(GIVEN RECORDS):
---

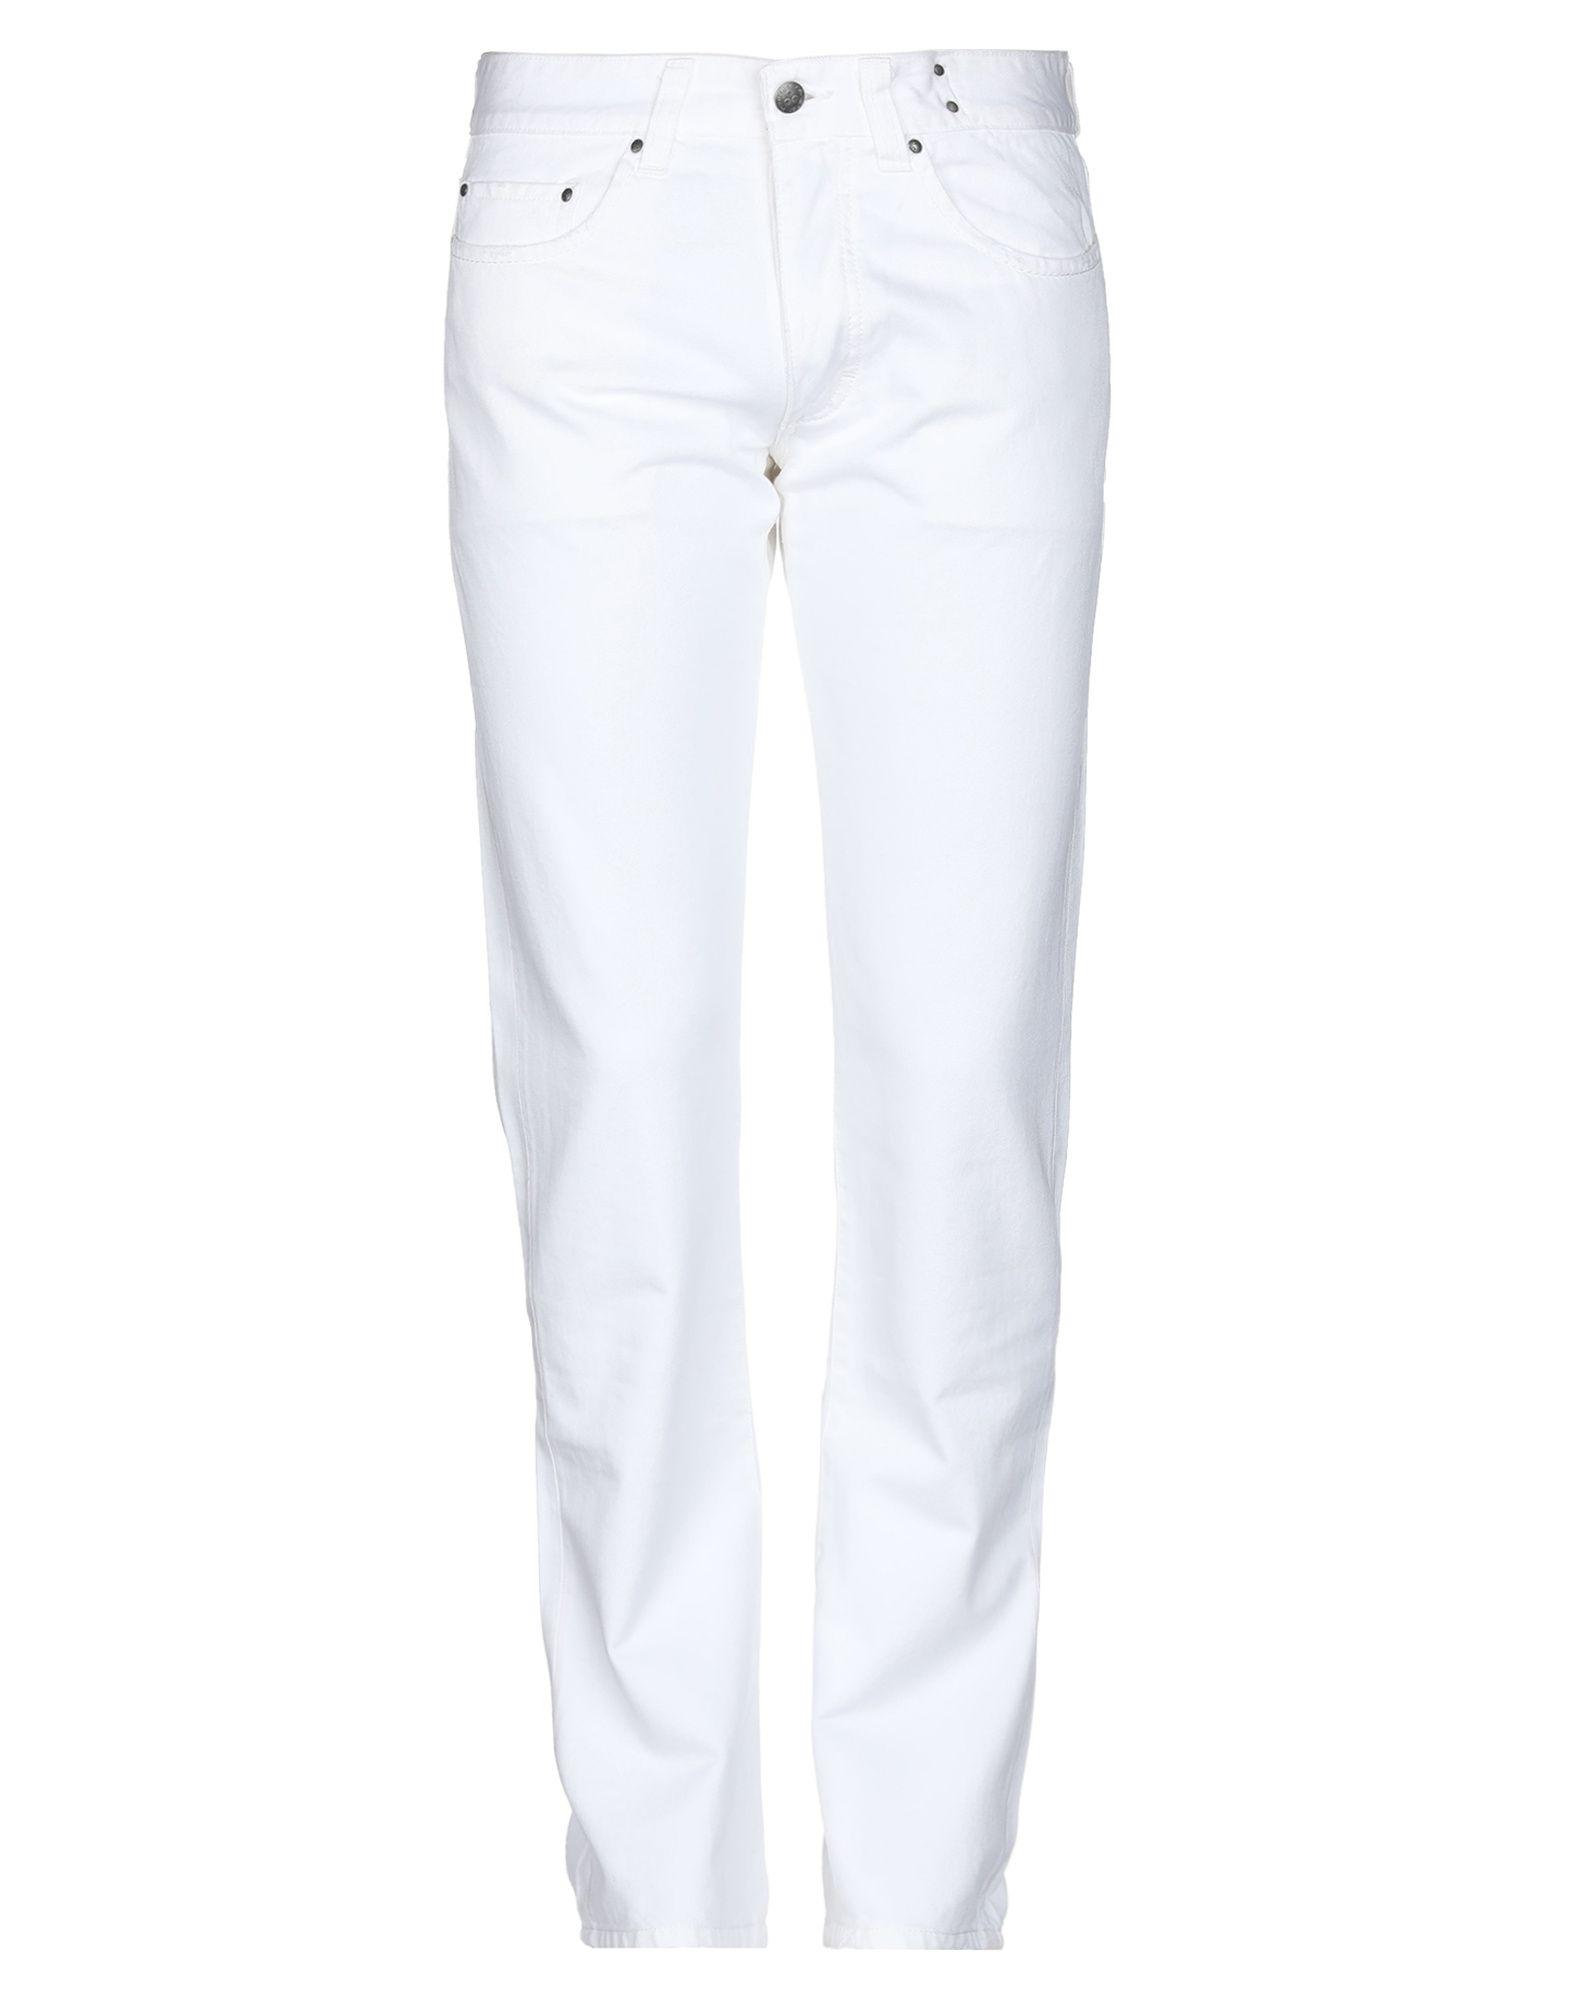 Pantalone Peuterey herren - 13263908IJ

---

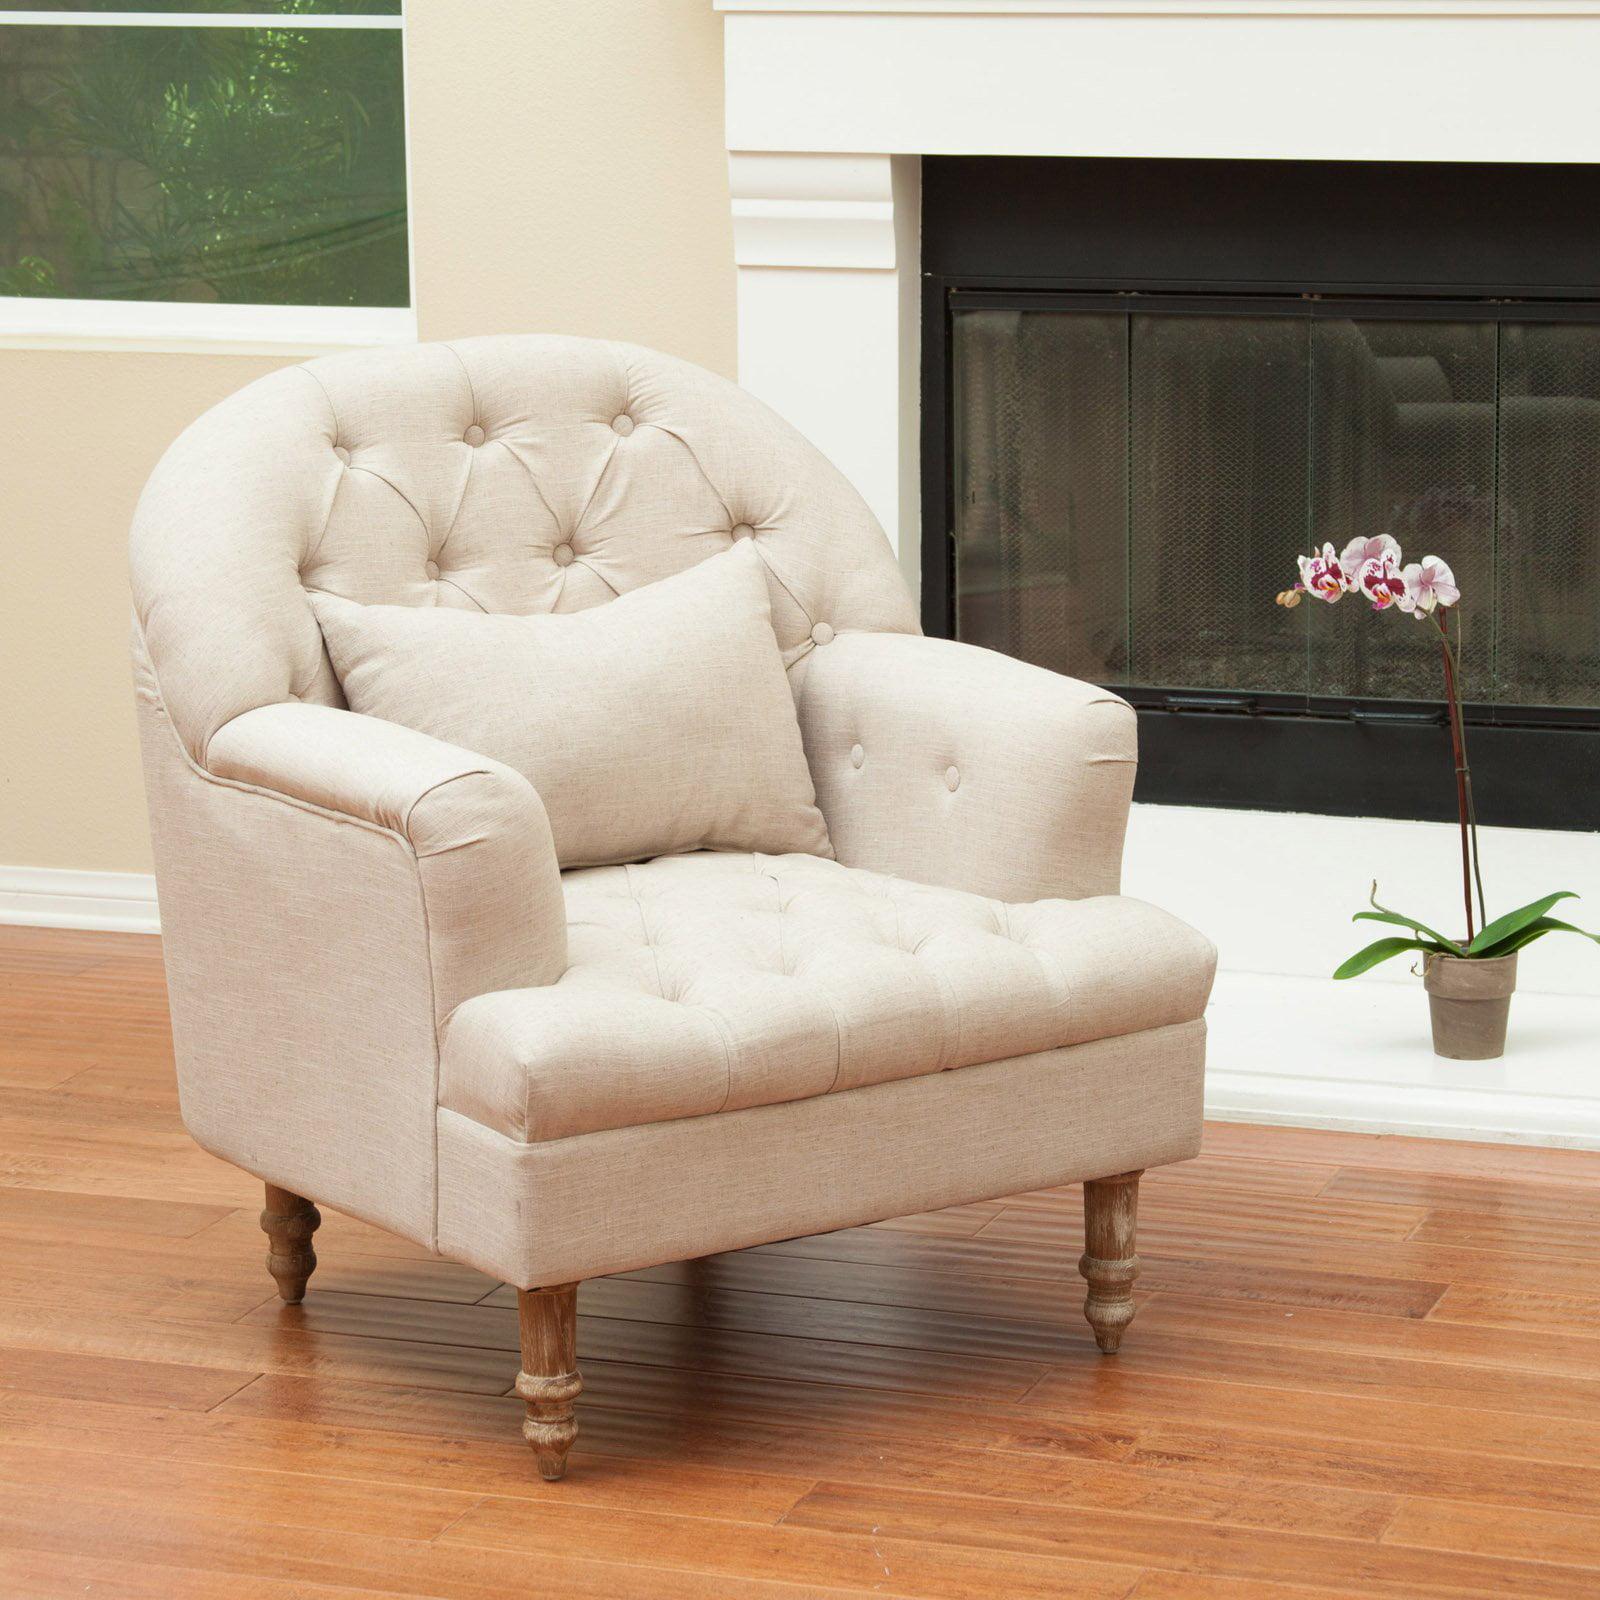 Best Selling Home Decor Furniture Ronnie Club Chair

---

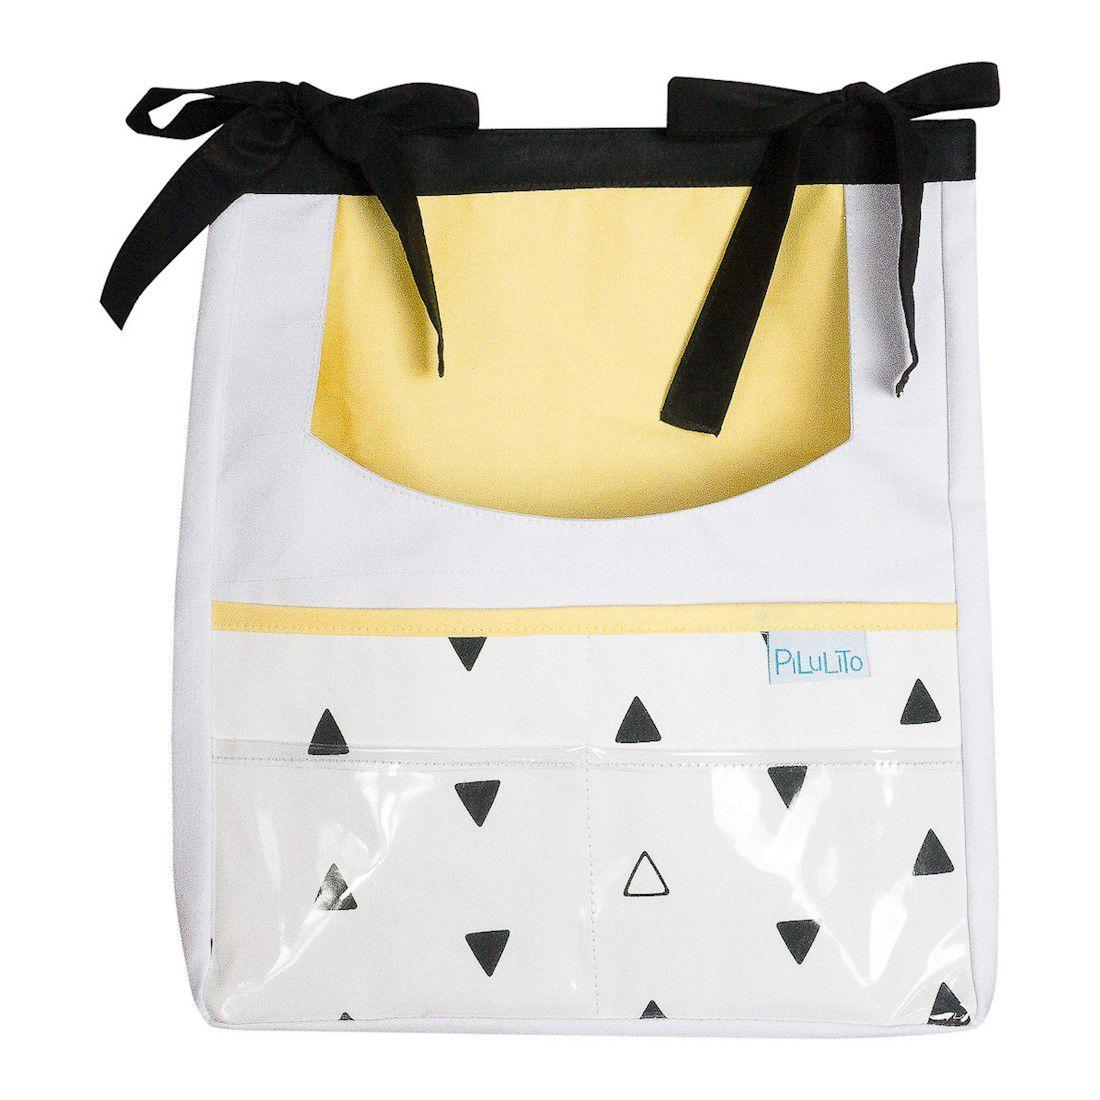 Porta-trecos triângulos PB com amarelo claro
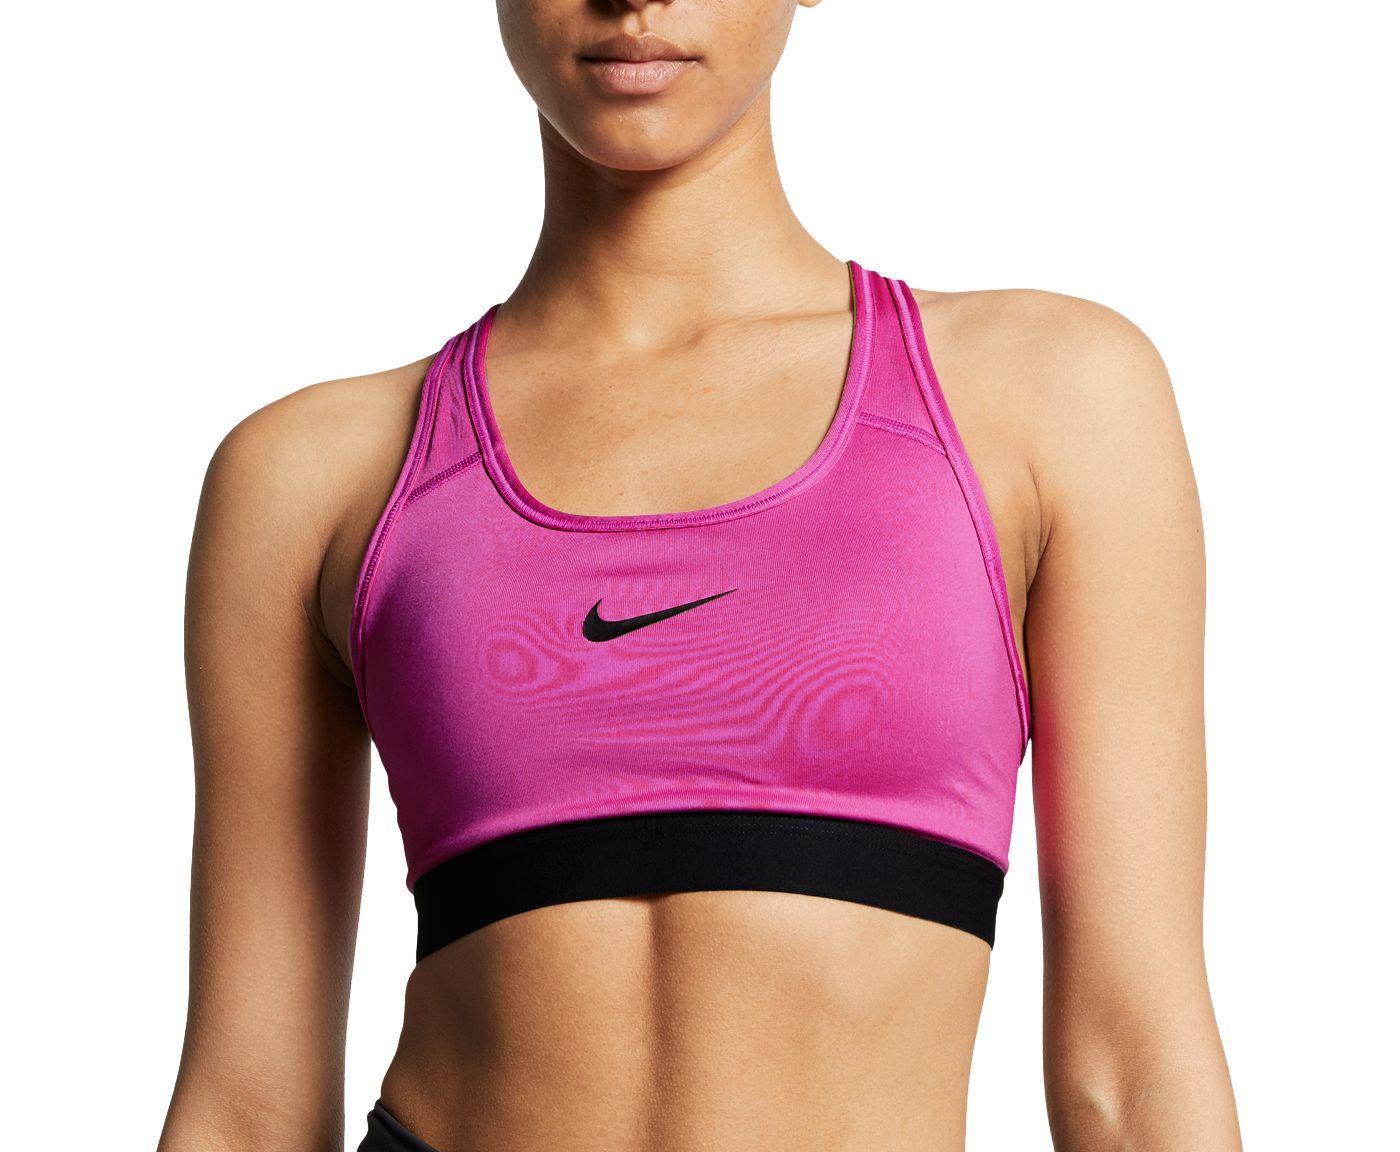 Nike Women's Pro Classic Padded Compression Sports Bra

---

(REQUIRED WORK): In the records above, find the line with "Porta-trecos triângulos PB com amarelo claro" and the line with "Nike Women's Pro". Write out exactly those lines and every one between, with no pictures and no other lines.

(ANSWER TO THIS TASK):
 Porta-trecos triângulos PB com amarelo claro
 Nike Women's Pro Classic Padded Compression Sports Bra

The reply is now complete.